While there are numerous opportunities to include process models in the planning of processes and process chains in the age of Industry 4.0, the prevalence in practice varies. Studies show that the use of digital tools in process planning strongly depends on the characteristics of the respective company. For example, the size of a company has a major influence on the spread of digital tools in process planning.
Process models that predict embodied energy consequently allow sustainable planning of production process chains. Manually, this is a challenge because ecological sustainability cannot be observed directly (unlike quality criteria of workpieces). Thus, planning based on empirical values is difficult. By predicting energy and resource consumptions, a suitable process chain can be selected. As part of detailed planning, process parameters that lead to low consumption can be selected. The approach to sustainable planning of process chains, which uses process models, is described in more detail in the following chapter.

3. Approach for Resource-Efficient Process Planning

Various approaches exist for the ecological assessment and optimization of existing process chains or production systems. These show high savings potentials [9][15][24]. A much greater contribution to achieving ecological goals can be reached if an ecological assessment of various alternative process chains is carried out from an early stage of planning of process chains [12].

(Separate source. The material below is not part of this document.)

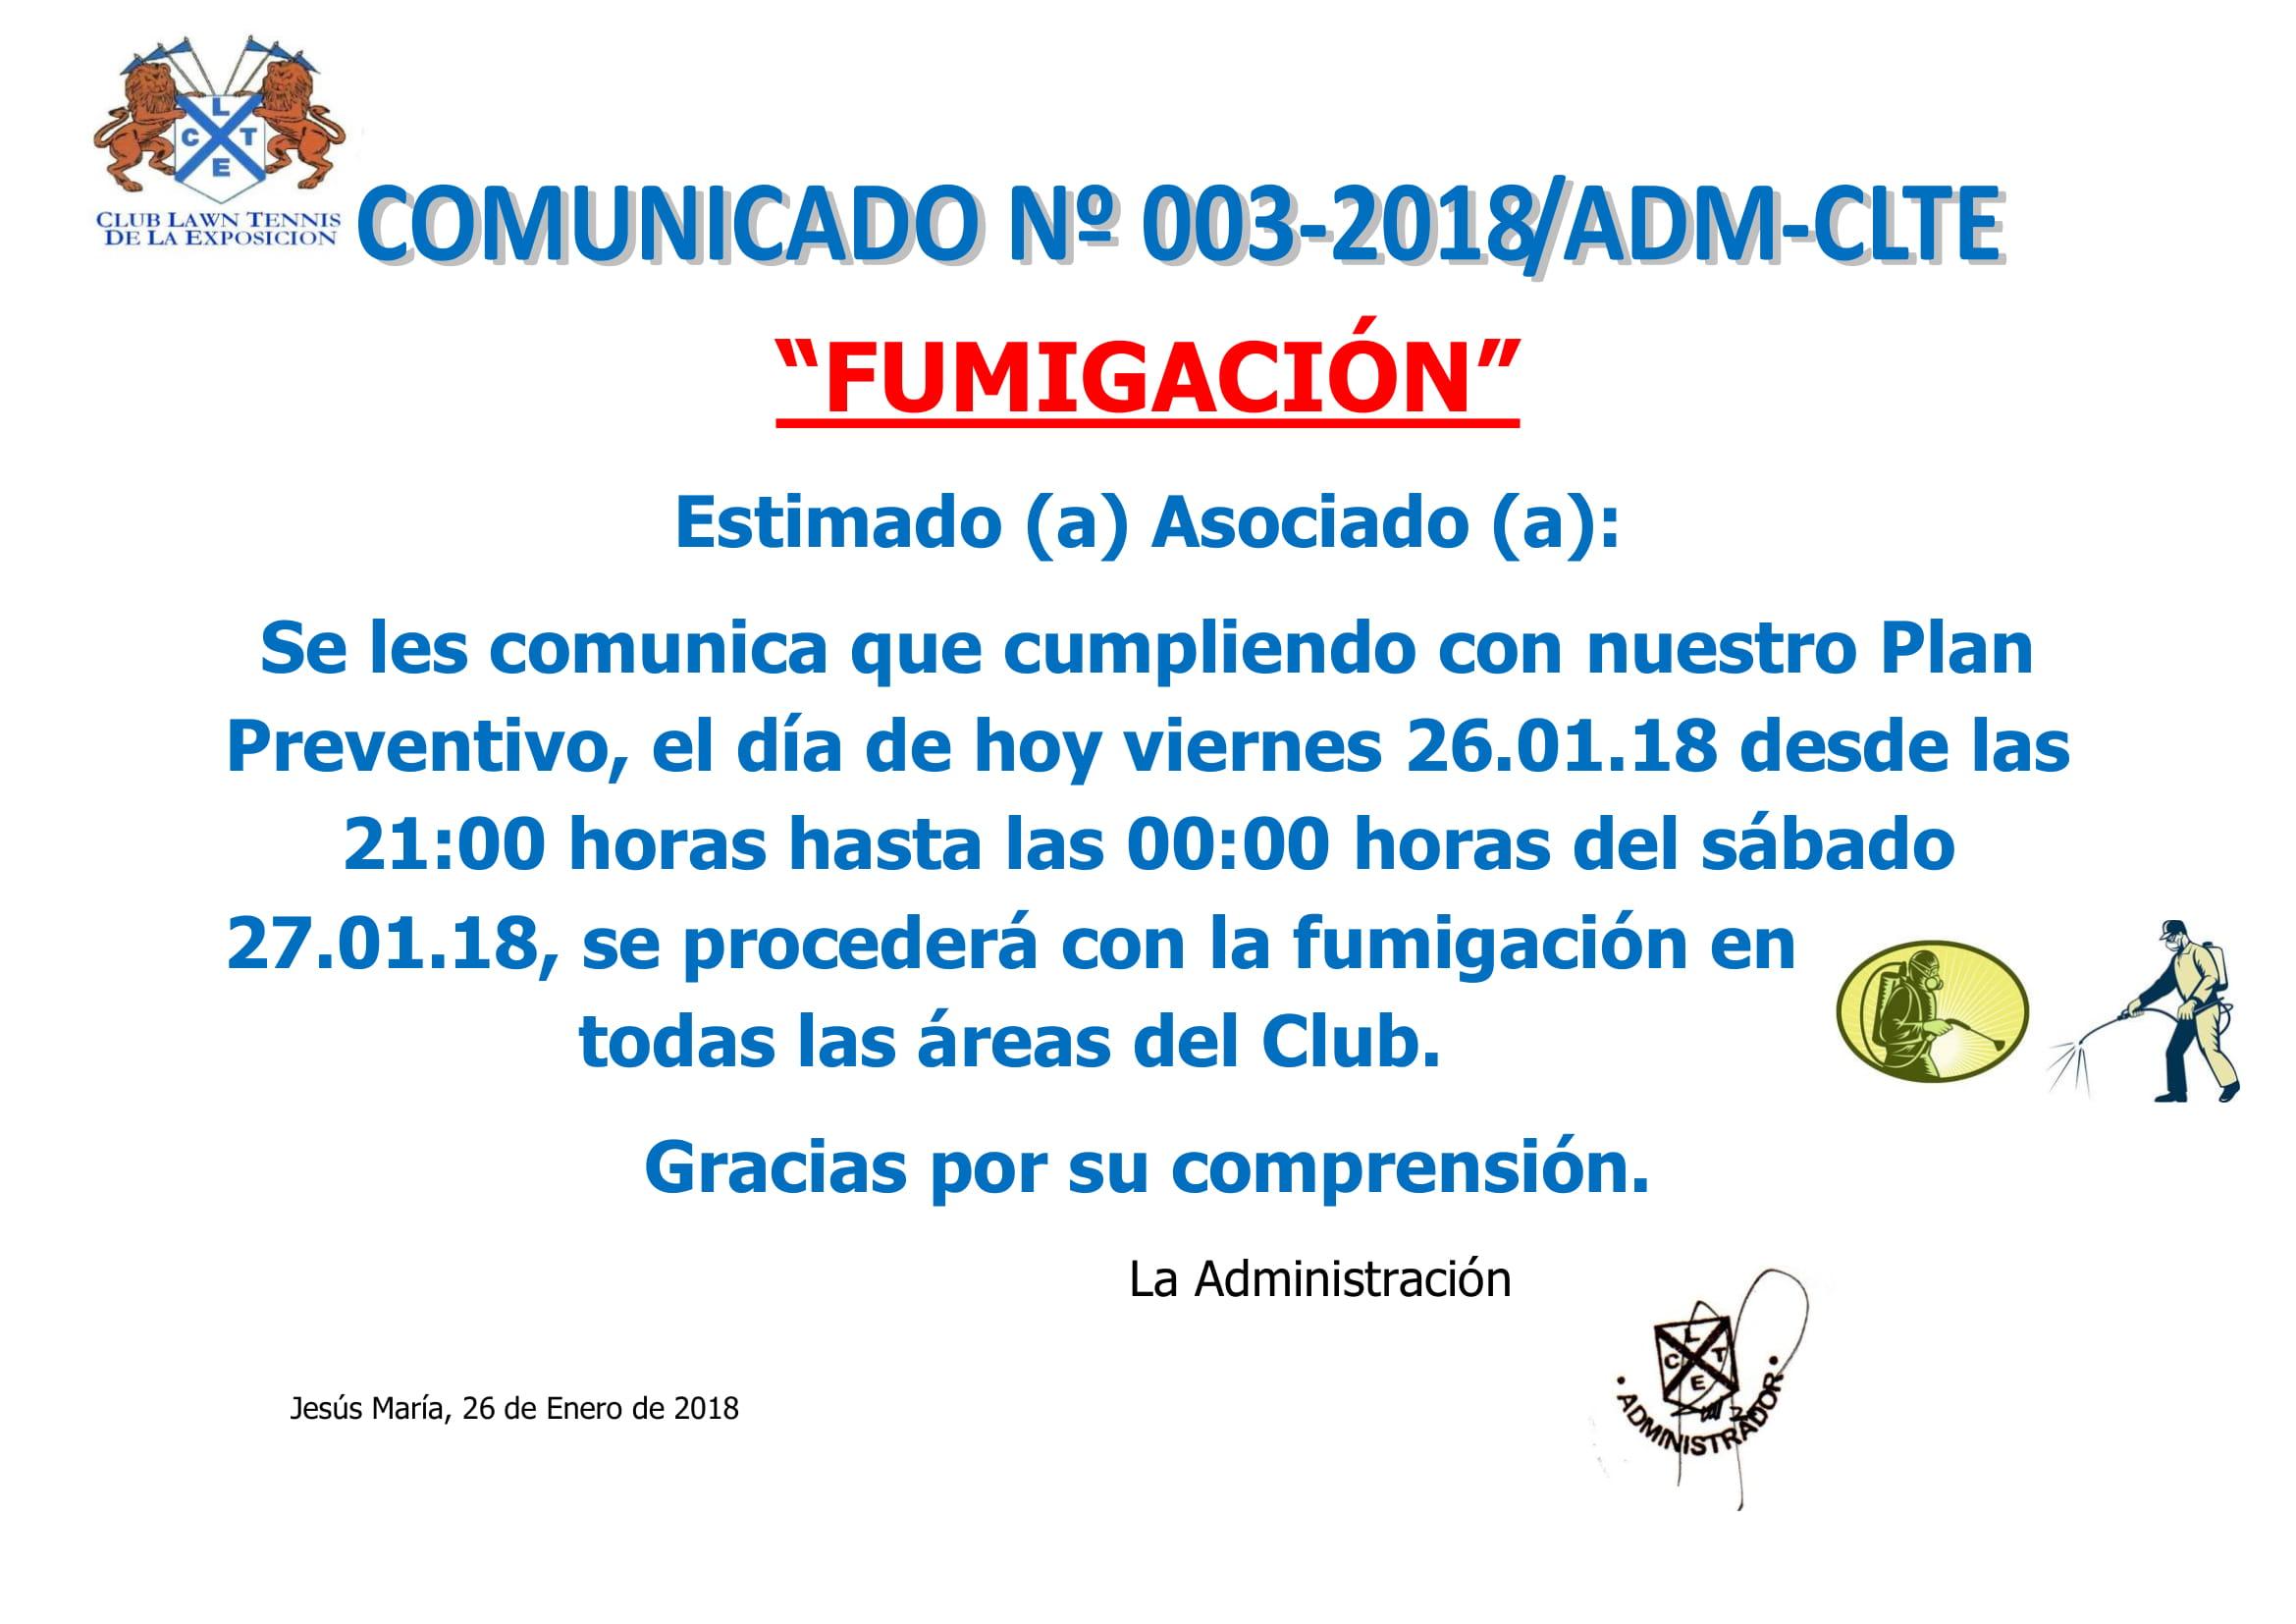 Comunicado 003-2018 ADM-CLTE - FUMIGACIÓN

Thus, the issue of sustainability should not only be included in detailed planning of process chains but also in a rough assessment. This entry, therefore, presents a consistent approach to ecological planning of process chains, divided into two levels (see Figure 1). At each level, process models are used as a digital representation of the processes. The first stage within sustainable planning consists of rough planning. The aim is to predict the energy requirements of alternative process chains in the design stage. After a successful rough assessment, sufficient knowledge about the later energy demand is already available before detailed process planning. This means that an initial preselection of process chains can be made under environmental assessment criteria as early as the process chain design stage. The result of the rough assessment is then passed onto detailed planning. Here, process steps and process parameters of the respective process chain are ecologically planned to ensure high energy and resource efficiency in production.
Figure 1. Integrated sustainable planning approach for process chains.

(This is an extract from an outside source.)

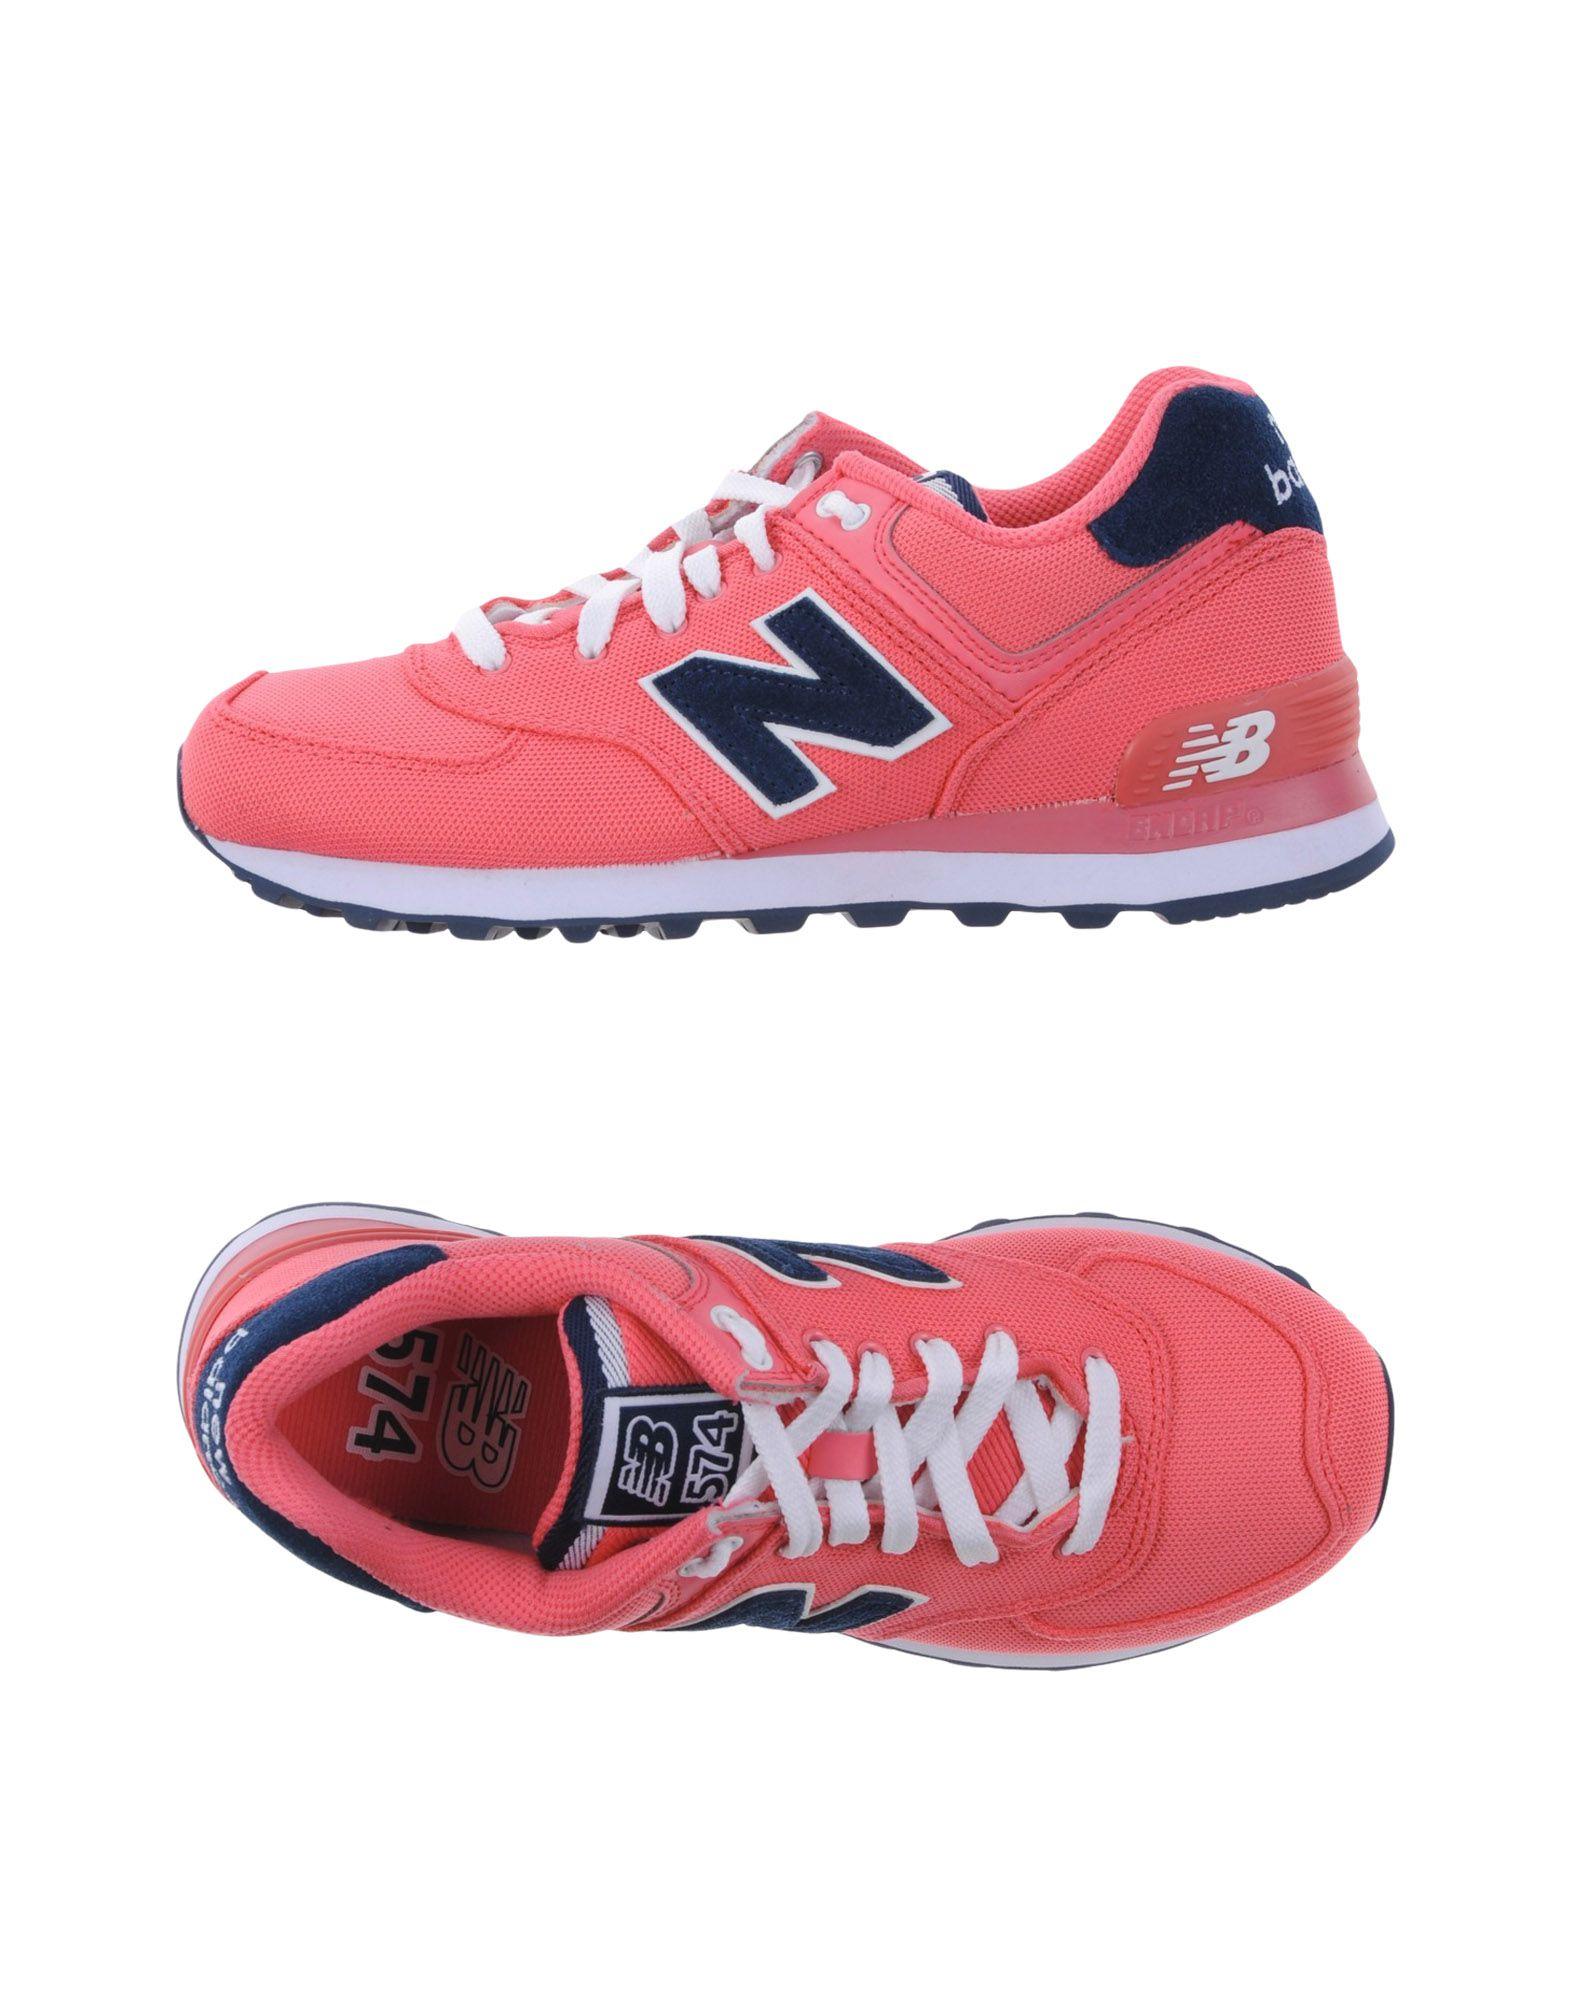 New Balance Sneakers Damen  11286911TU

Input variables for rough planning include information on the product to be manufactured (e.g., geometry and material information) and the technically possible process chains. Another input variable is the possible machines. These result from the possible process chains and available machines of a company. In the course of rough planning, all resources that are used in the processes are first identified. For those resources, it is then checked which recycling share is achievable in practice. This share is, therefore, a fixed percentage and is not dependent on process planning. Process models are then created that are quantity or time dependent. The process is roughly mapped here, and resource consumption is predicted depending on the duration of the process or the quantity of resources used. For all alternatives, the calculated resource consumption is then converted into an energy equivalent and compared. Since process models represent a comparably rough view of a process chain, the uncertainties of the models are included. The process chain with the lowest calculated consumption is now selected. The selected process chain and information on the associated machines are passed on to the detailed planning.

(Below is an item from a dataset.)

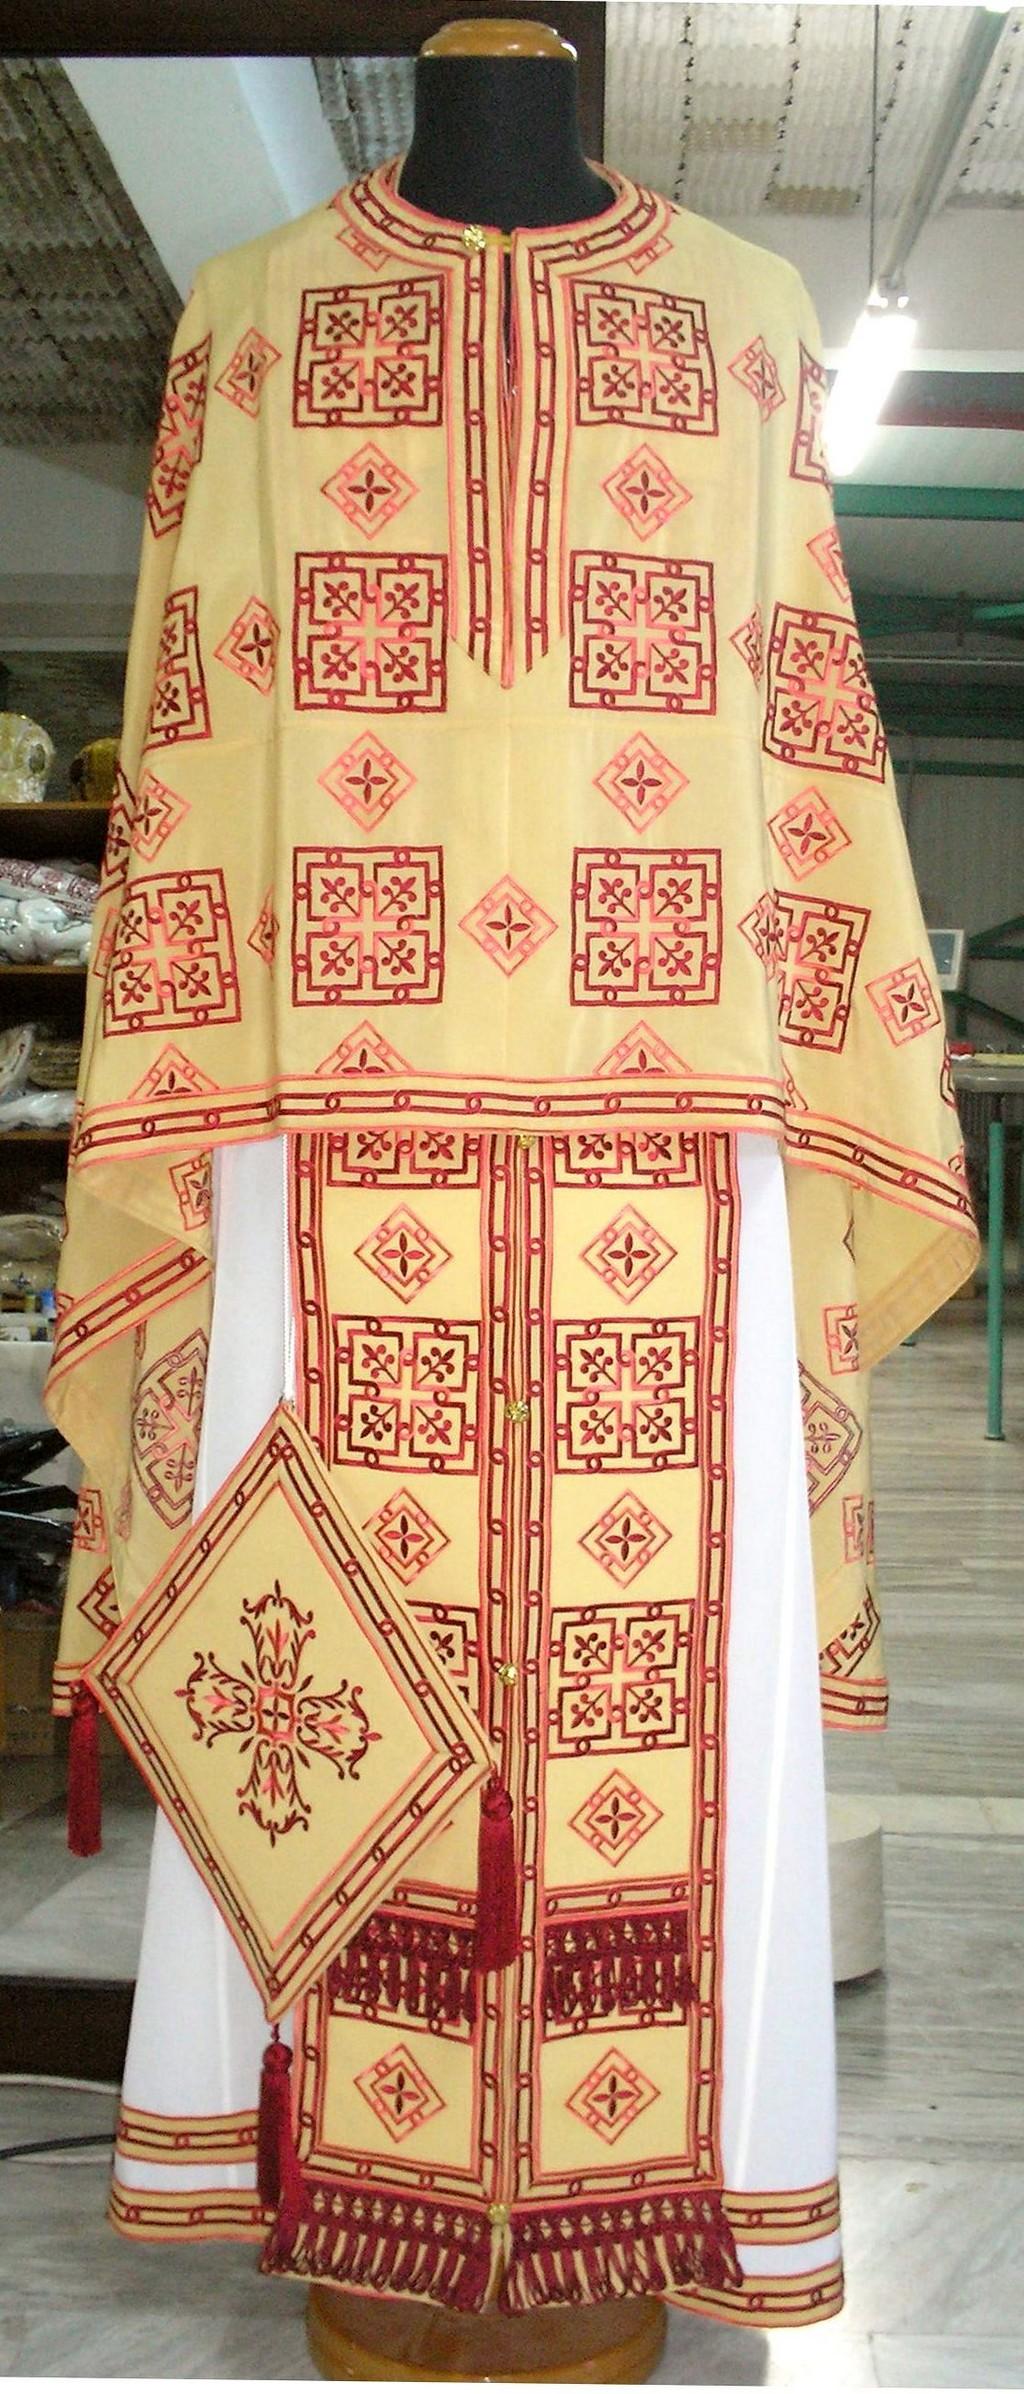 Saint Andrew - Hieratical Robe

In detailed planning, it is first determined which process parameters are to be adjusted and in which range they lie. This ensures stable process performance. Then, process models are created that show the relationships between process parameters and the resulting resource consumption. These are, therefore, no longer only time dependent or quantity dependent. An example of this is the relationship between process parameters and tool wear in milling: As cutting speed increases, so does tool wear. In addition to the effects on direct resource consumption, the effect of the process parameters on the recyclability of the used resources is also mapped. An example of this is the raw material titanium: Depending on the process parameters, the chemical composition of chips changes and, thus, also the recyclability of these chips. In the recycling process, this increases the consumption of energy and resources. All predicted resource consumption is converted into an energy equivalent. Subsequently, all alternatives of the detailed process planning (i.e., combinations of values of the process parameters) are evaluated and compared with the help of the process models. The process parameter combination with the lowest calculated energy consumption is selected.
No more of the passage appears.